BR: Do you consider yourself a food critic?
Bill Rapaport: I’m not so much a food critic as I am a quasi-blog editor. Before the blog, when the guide was on paper, I really only wanted to promote Buffalo and its good food.

BR: Do you feel that Buffalo food culture has changed since the site launched? If so, in what way?
Bill Rapaport: I’d like to see more seafood restaurants, but I’m pleased that there are a lot more high-quality restaurants now than there were 20 years ago. And a great deal more “ethnic” restaurants- Indian, Thai, etc. I remember joking in the early 80s about how a certain Indian restaurant was the best one in Buffalo; it was also the only one. That’s changed considerably.

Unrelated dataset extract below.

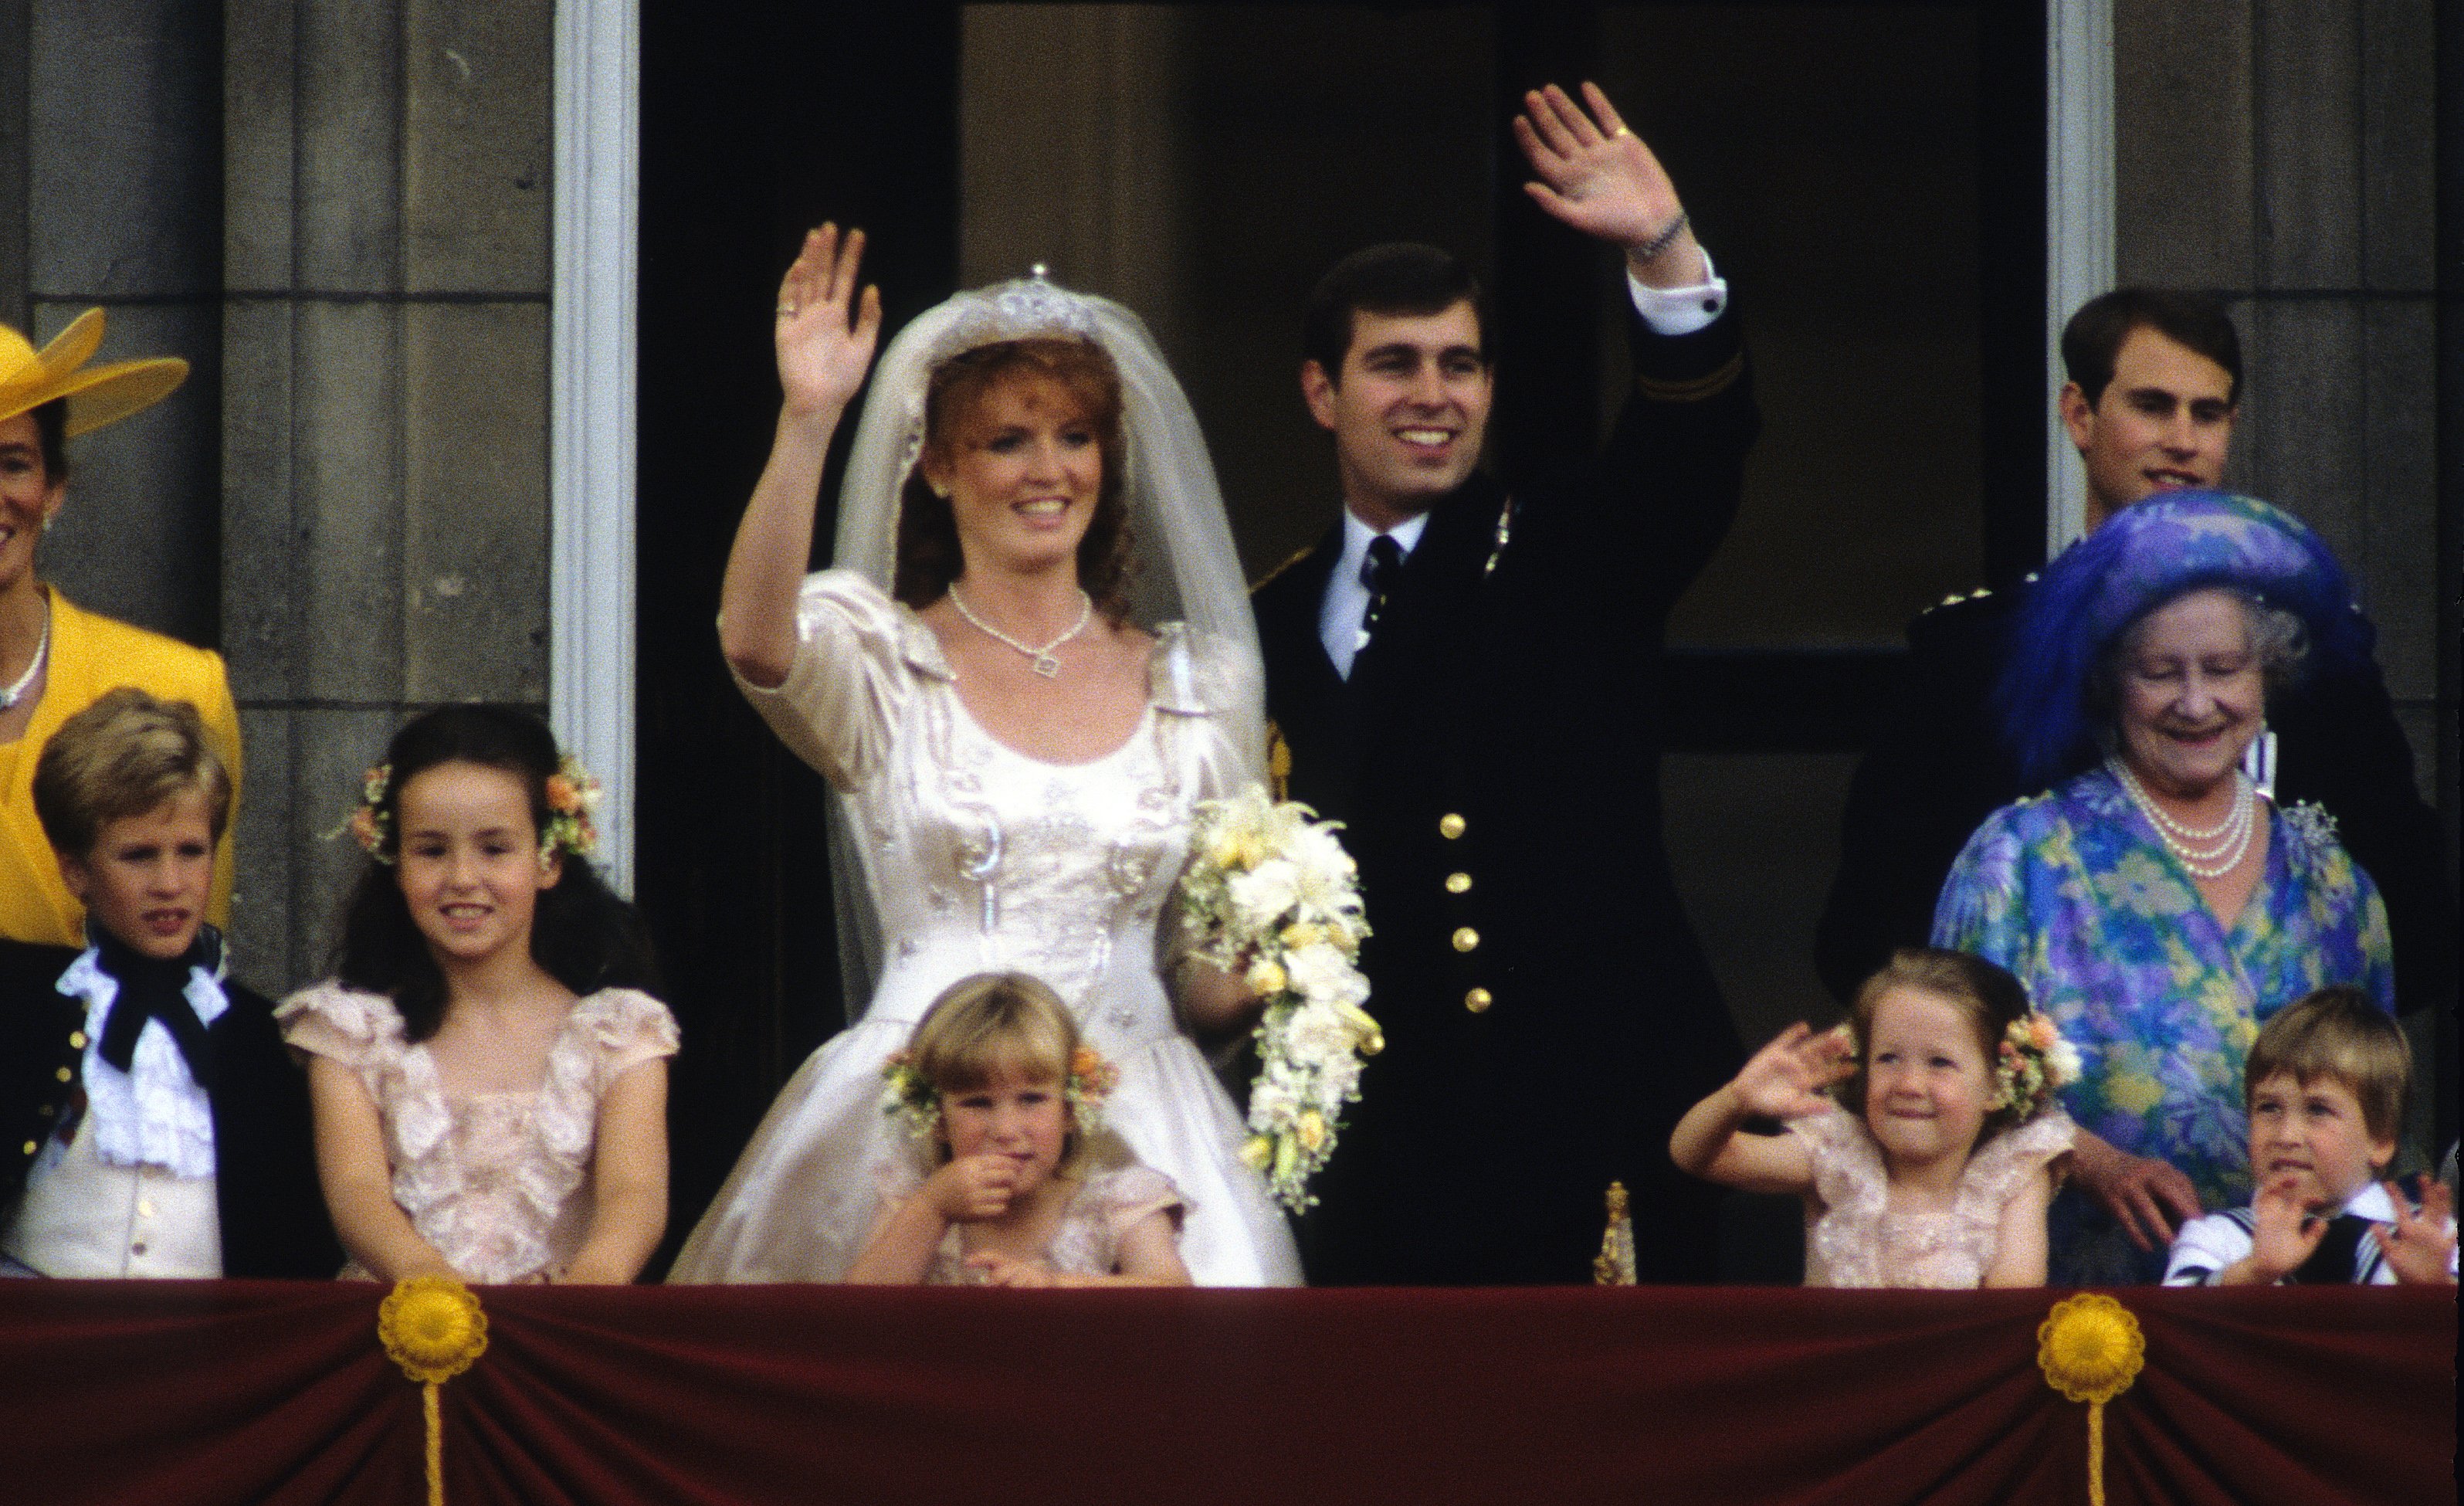  Sarah Ferguson, Duchess of York and Prince Andrew, Duke of York on their wedding day on July 23, 1986, in London, England. | Source: Getty Images.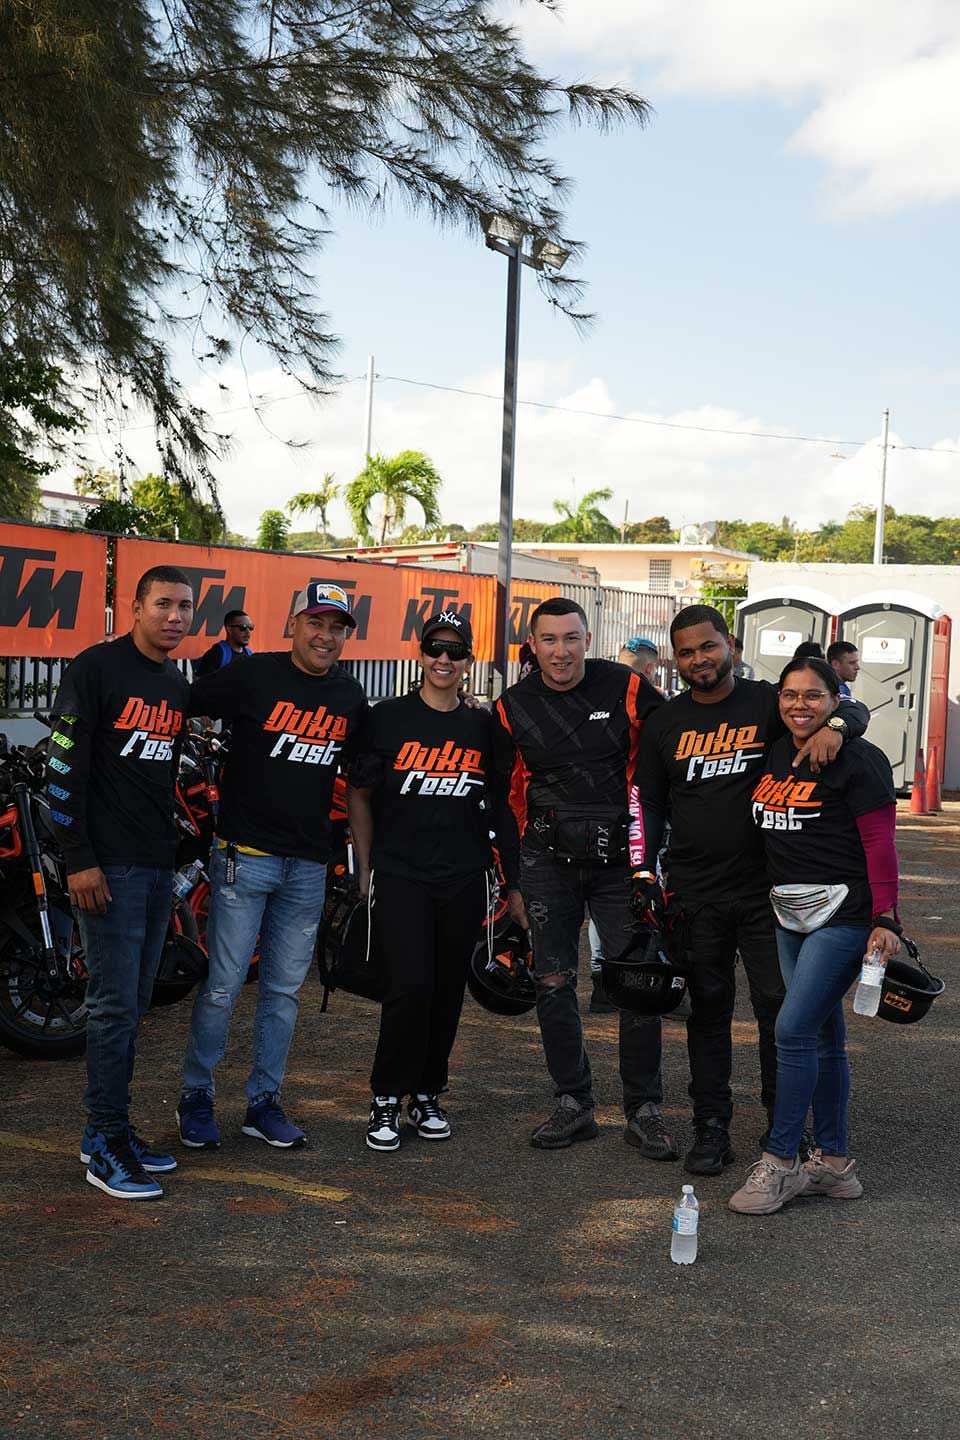 Who knew that the KTM riding community is so strong on the island of Puerto Rico?

BR: Do you have a favorite cuisine, or do you have a favorite meal?
Bill Rapaport: I love Chinese, Indian, Thai, and French cuisines. I have no single favorite meal, though there have been some highly memorable dinners, such as one I had at Tsunami. When I eat out, I tend to avoid items that I can just as easily prepare at home, such as most steak, chicken, or pasta dishes. I don’t eat seafood at home (my wife is not a fan), so I tend to eat that a lot when I eat out. I wouldn’t call myself a “gourmet” (there are some foods I simply will not eat because I find them disgusting–bleu cheese, for example–and I haven’t found any real Japanese food that I like), and I’m not into wine at all. But these are all merely personal tastes. I’m not concerned that it colors the reviews in the guide, simply because most of the reviews come from readers.

BR: What are your favorite city restaurants?
Bill Rapaport: I list my favorites in the guide with descriptions. There are lots of restaurants that other readers love that I just haven’t had a chance to try (my wife and I don’t eat out that often, actually), so the lack of “Bill Rapaport stars” on some restaurants in the guide is in no way a comment on them, but merely reflects the fact that I haven’t had a chance to eat there. I will say that I find it pretty amazing that there are some restaurants (which I won’t name) that have received uniformly bad reviews yet remain open.

BR: Is there anything else that you’d like people to know about you, the site, or your take on our region’s collective dining opportunities/experiences?

Bill Rapaport: I welcome reviews from anyone and everyone, as long as folks give me their full name and a
re not in any way obviously related to the owner of the restaurant being reviewed. That’s often hard to prevent, but I figure I get enough reviews to compensate for the occasional “plant”. I enjoy the occasional rant about how bad some restaurant is, especially when it’s followed by another reviewer telling me how wonderful the place is; I think these kinds of debates make the guide more fun to read. Buffalo is a great place to live (and eat), and I’m happy to do my small part to promote it.